JVM 410 OD2 or JVM 210 OD have a relatively modern voicing.
I would never think of a loose/warm tone, when I play my 410.
Crunch? OK, that's a warm thing. But not in the higher gain channels.
Imo it's pretty tight and, if treble knob is set too high, harsh.
You have to be careful with the gain knob - too much and it will sound muddy.
You can dial in for month and u will still get new sounds - including modern metal.


----------



## casketshrine (Sep 25, 2013)

If one is after highly compressed tones, most Marshalls apart from JVM won't cut it. Even with JVM that sort of compressed saturation can be achieved on OD channels. 

It really depends on your definition of 'modern tone'. 

I own a 410H and in my experience, there are rarely any tones which 410H isn't capable of. I mostly play death/doom metal and I can always find ways to come up with different tones if the need be.


----------



## danresn (Sep 25, 2013)

The guitarist in one of my bands with a JCM2000. With a TS it definitely has definitely has the grind needed for modern metal. But it depends on your definition of a modern tone too.


----------



## JMP2203 (Sep 25, 2013)




----------



## Mega-Mads (Sep 25, 2013)

I love the Jcm 2000 series.


----------



## ShadyDavey (Sep 25, 2013)

I've got a Valvestate 8080 sat here (Which is essentially the same amp as the 8100 head without of course the extra 20 watts but with a Celestion G 12T-75) and the previous owner had a CVC Chelmer valve in it for a more modern tone.

Totally worked - and most especially worked with a boost or EQ pedal. It's not perfect but it really isn't a bad little amp which has the added bonus of being relatively cheap and common. 
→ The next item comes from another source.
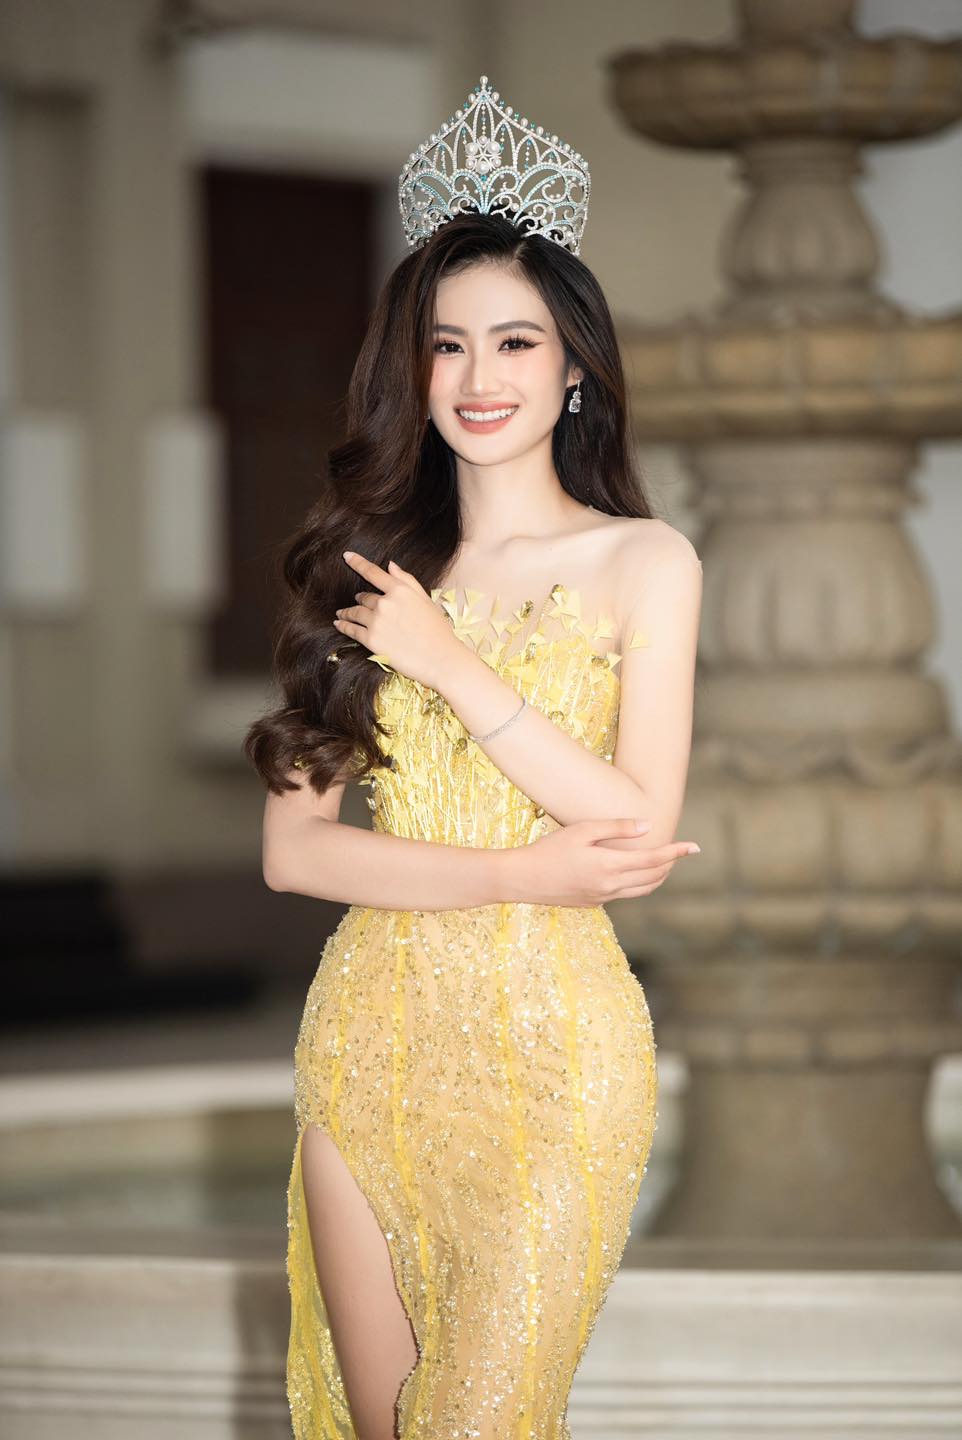 Hơn 600.000 người tham gia nhóm phản đối Hoa hậu Ý Nhi, nhiều hơn cả trang chính thức của Miss World Vietnam - ảnh 3

Believe it or not the little MG10KK absolutely slays!


----------



## Mike (Sep 25, 2013)

sylosis


----------



## bouVIP (Sep 25, 2013)

mracz said:


> sylosis



But Josh uses an Orange Rockerverb at the same time with his Marshall


----------



## Mike (Sep 25, 2013)

They used Marshall's on Conclusion of an Age and they sounded great. Don't know what mics or other pedals, but its still a great tone.


----------



## Sepultorture (Sep 25, 2013)

I actually quite liked the JVM heads for metal, i'd still a throw a boost out front just for some slight character change, but it was by no means a slouch of an amp, throw that beast on top of a mesa stiletto/tradictional cab, and you got some nasty metal tones at your finger tips, you can get smooth and agresive

the price though for what i want out of an amp is a massive deterent, that's why i won't be jumping off the 6505 train unless i find something that does that tone but much better (with or without boost)


----------



## bouVIP (Sep 25, 2013)

mracz said:


> They used Marshall's on Conclusion of an Age and they sounded great. Don't know what mics or other pedals, but its still a great tone.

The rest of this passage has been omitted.